=== Section Start ===

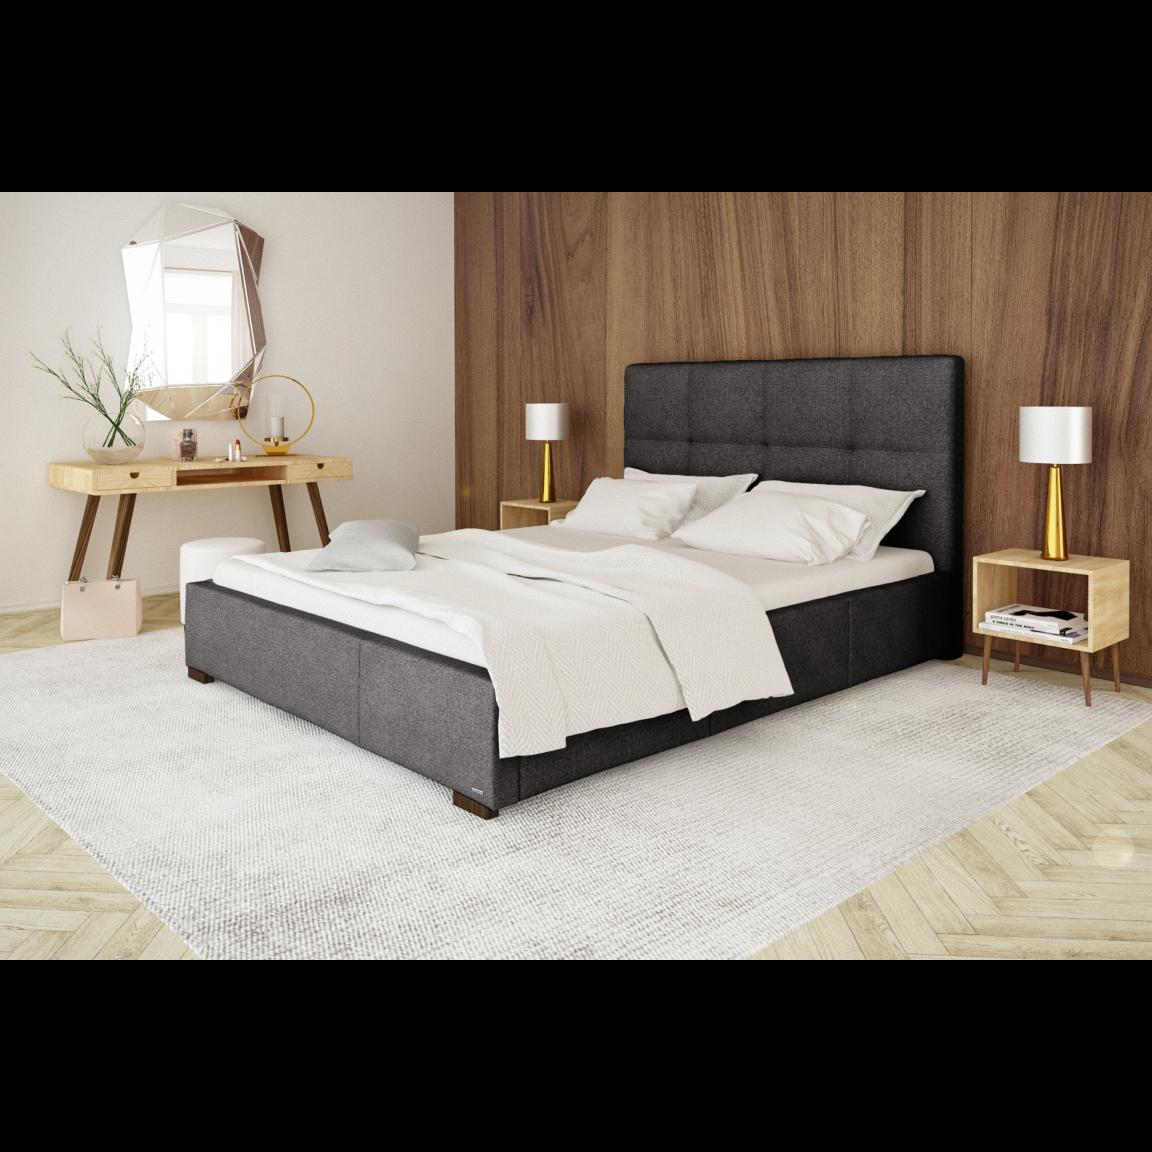 Gepolstertes Bett Cobalt mit Staumöglichkeit   Dunkelgrau-140 x 200 cm
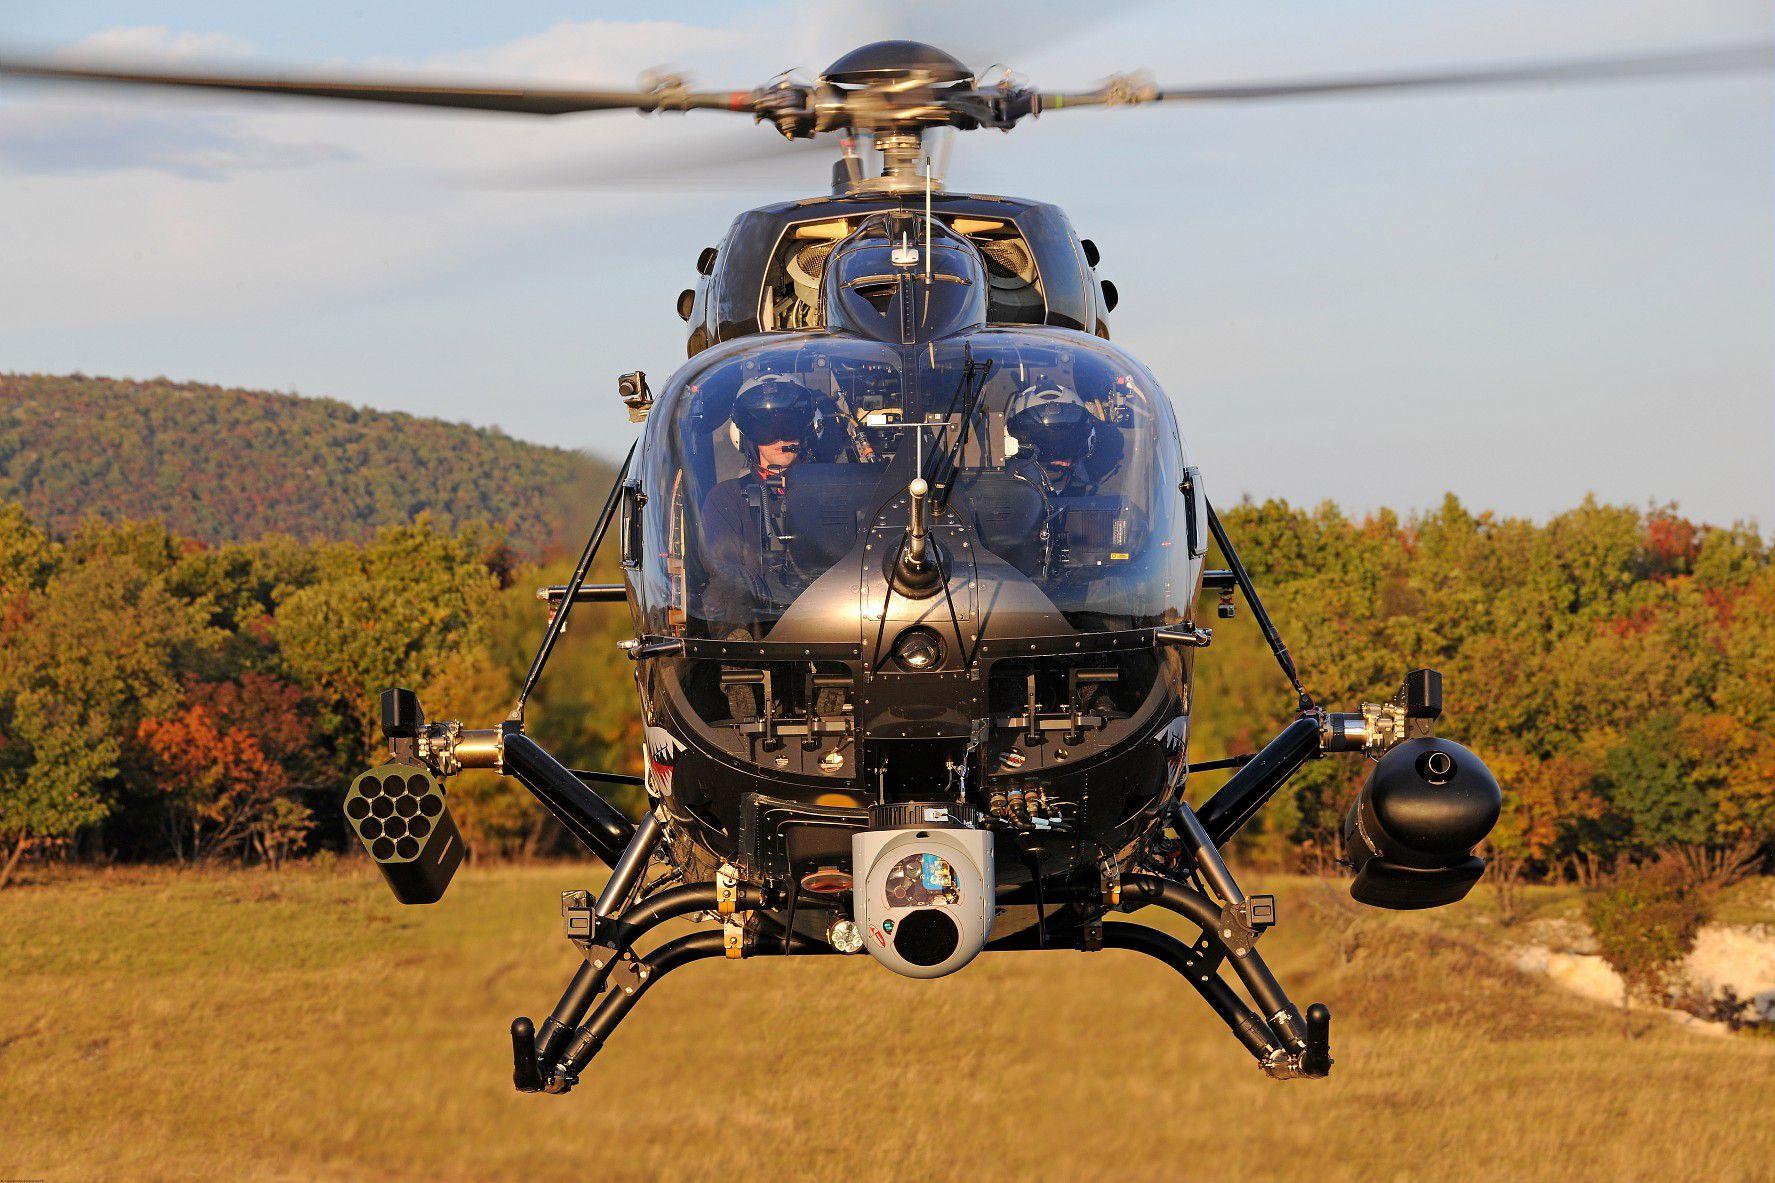 Легкий многоцелевой вертолет Airbus Helicopters Н145М с комплексом вооружения Airbus HForce во время испытаний в Венгрии, 2017 год.
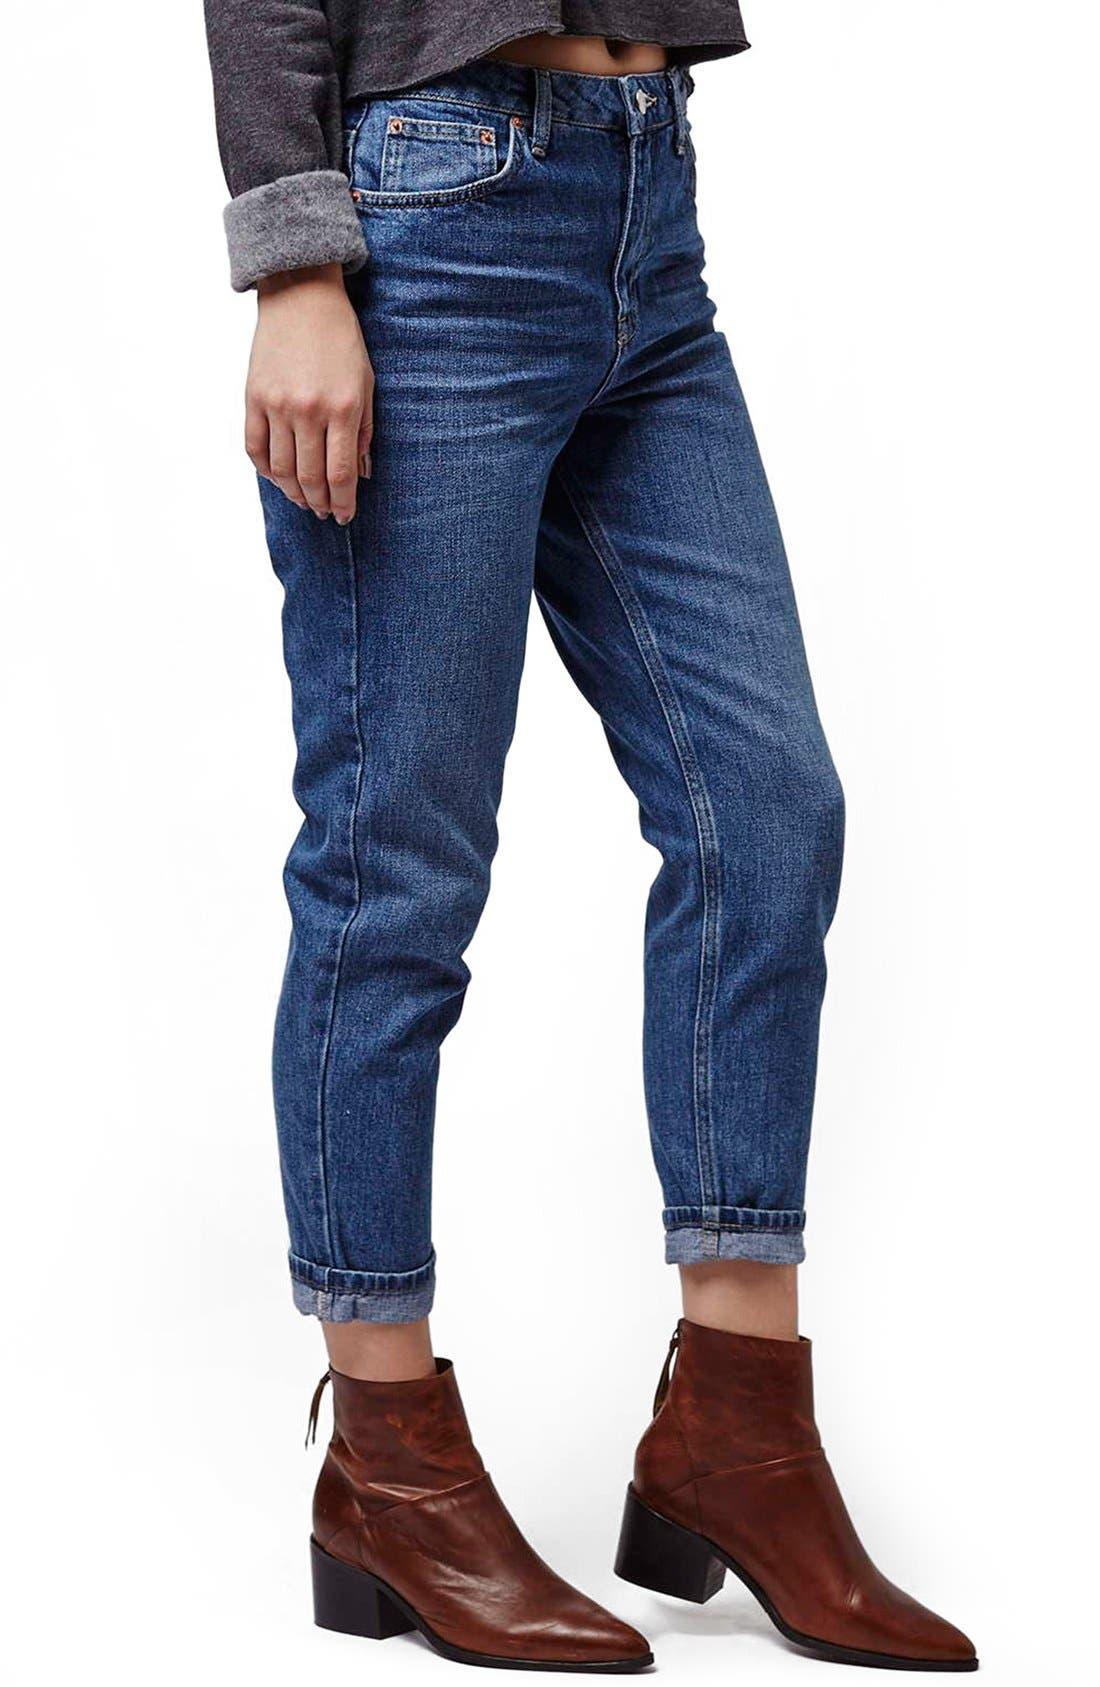 Main Image - Topshop Moto High Rise Crop Jeans (Dark Denim) (Petite)

=== Section End ===

**Task instructions**
Without including the pictures, copy all of the data exactly.

**Written answer**
 Gepolstertes Bett Cobalt mit Staumöglichkeit   Dunkelgrau-140 x 200 cm
 Легкий многоцелевой вертолет Airbus Helicopters Н145М с комплексом вооружения Airbus HForce во время испытаний в Венгрии, 2017 год.
 Main Image - Topshop Moto High Rise Crop Jeans (Dark Denim) (Petite)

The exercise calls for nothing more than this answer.